### What to work on
Starting at the line containing "Extension-fmedShops Canada - Light" and ending at the line containing "summary of patents", transcribe the listing below exactly. Keep both end lines, skip the pictures, and copy nothing else.
*** Opening of Information given ***
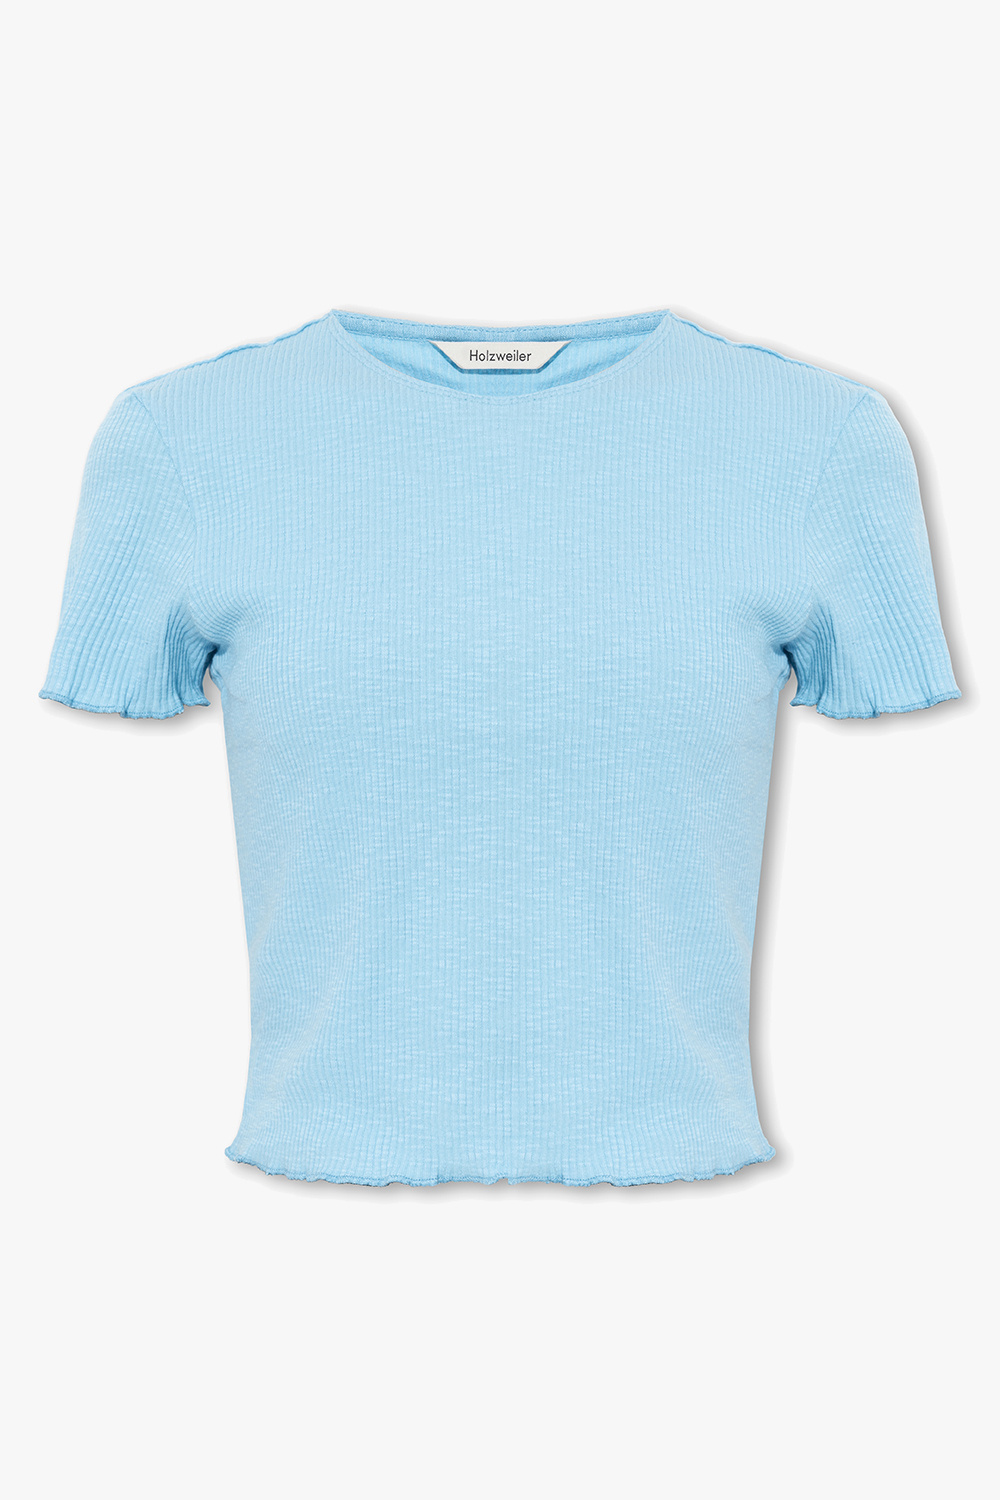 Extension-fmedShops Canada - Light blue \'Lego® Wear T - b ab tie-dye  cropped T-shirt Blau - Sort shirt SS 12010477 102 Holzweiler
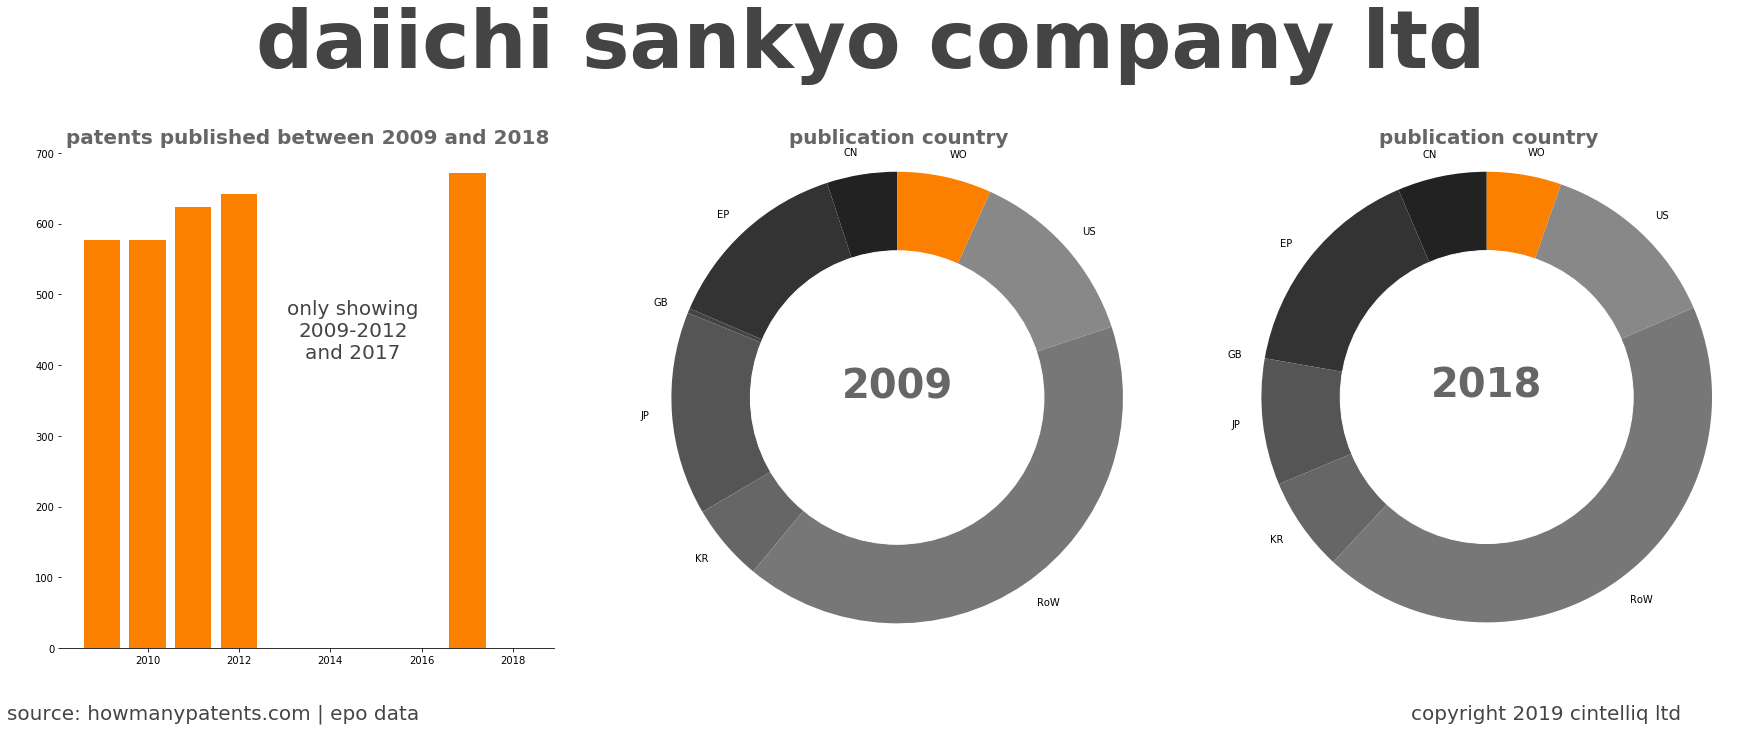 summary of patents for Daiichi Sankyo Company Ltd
*** Close of Information given ***
*** Opening of Information given ***
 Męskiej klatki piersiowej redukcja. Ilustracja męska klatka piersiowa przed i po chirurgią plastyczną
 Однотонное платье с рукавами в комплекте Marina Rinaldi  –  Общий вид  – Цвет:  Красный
*** Close of Information given ***
*** Opening of Information given ***
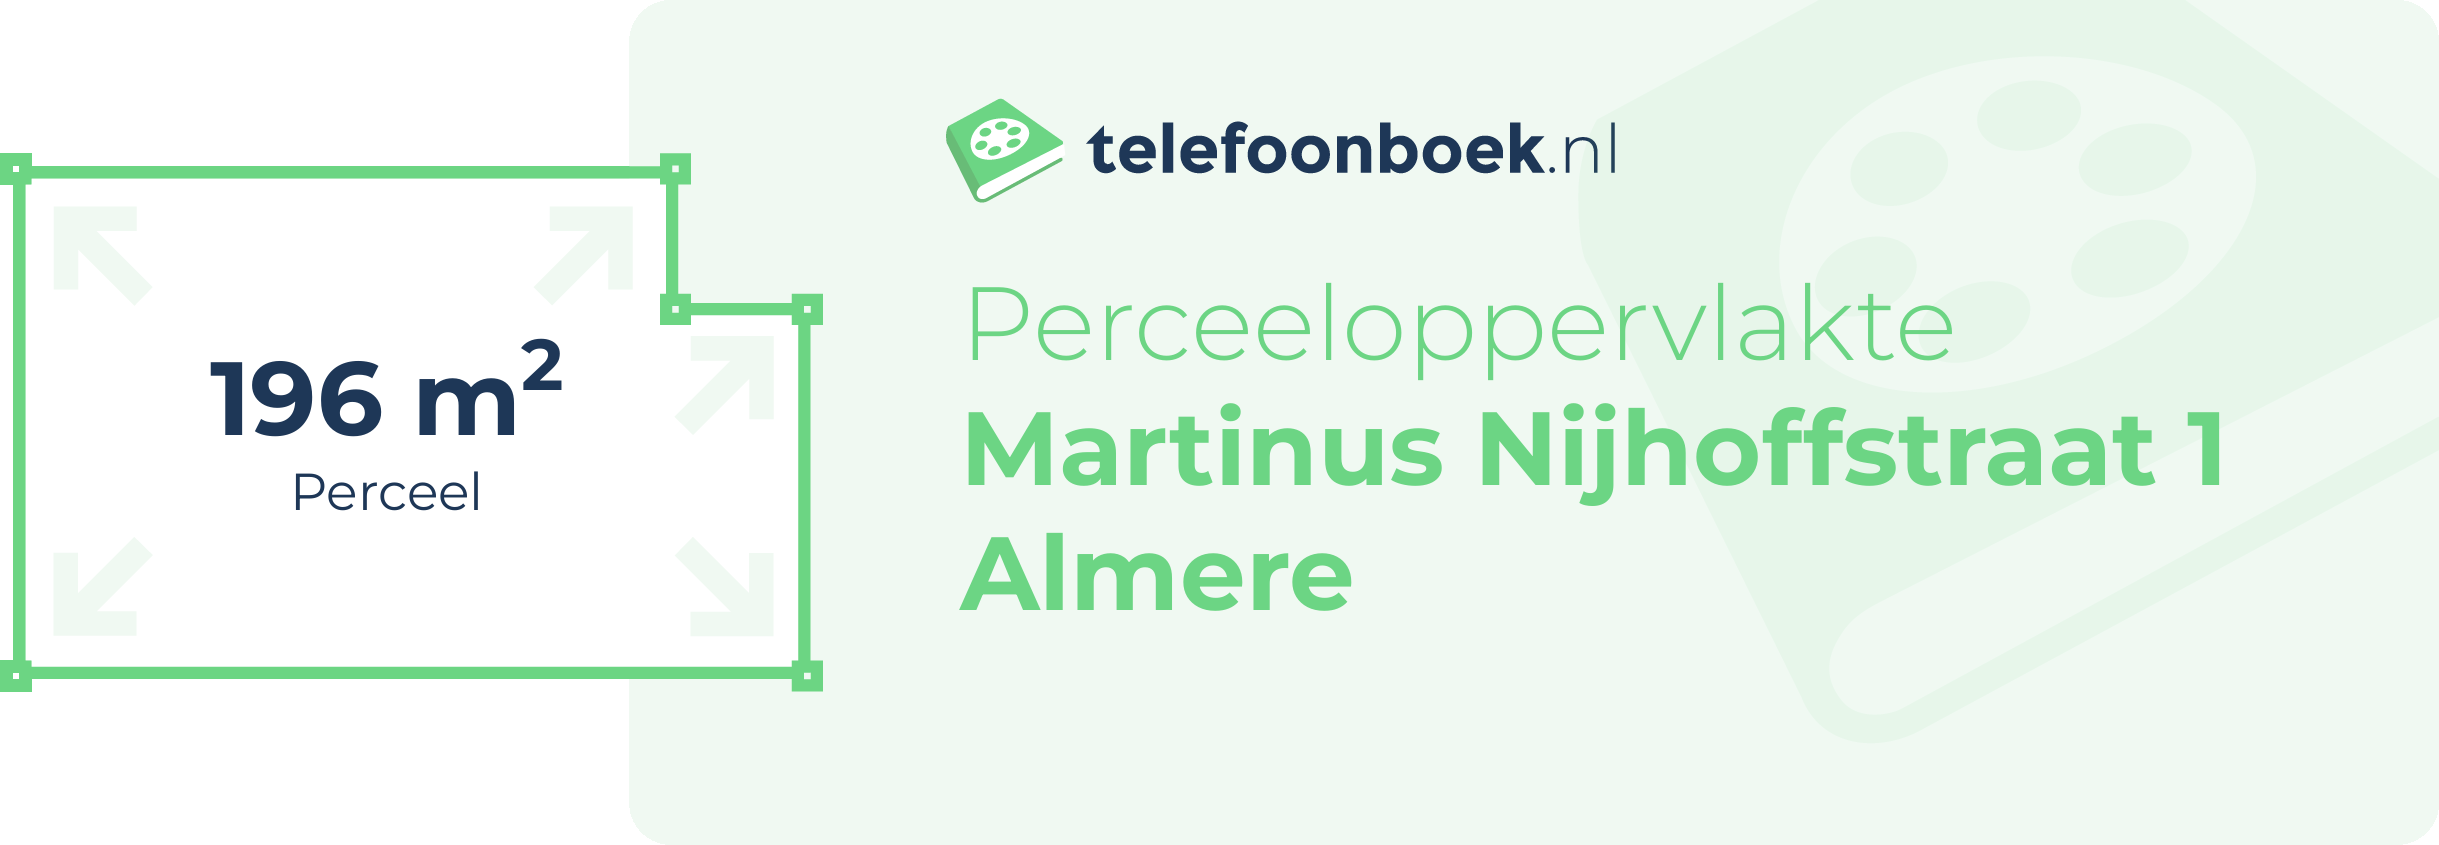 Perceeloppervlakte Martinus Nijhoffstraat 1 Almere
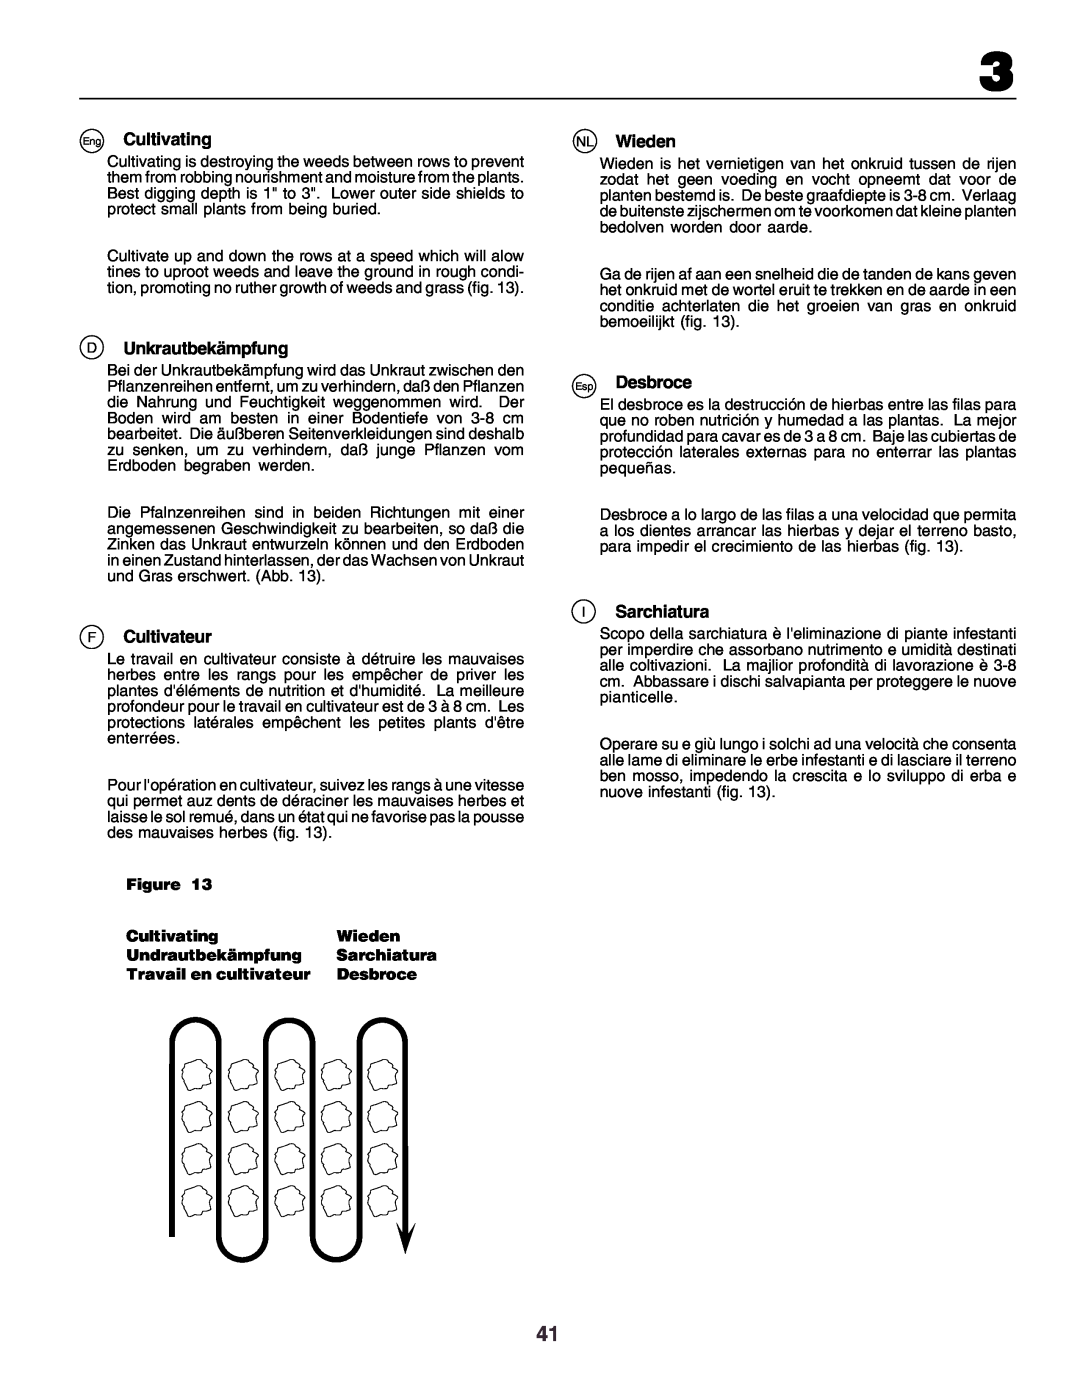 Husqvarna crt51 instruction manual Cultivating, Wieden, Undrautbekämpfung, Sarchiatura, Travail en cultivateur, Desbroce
*** Close of Information given ***
### Answer to the problem
 Extension-fmedShops Canada - Light blue \'Lego® Wear T - b ab tie-dye  cropped T-shirt Blau - Sort shirt SS 12010477 102 Holzweiler
 summary of patents for Daiichi Sankyo Company Ltd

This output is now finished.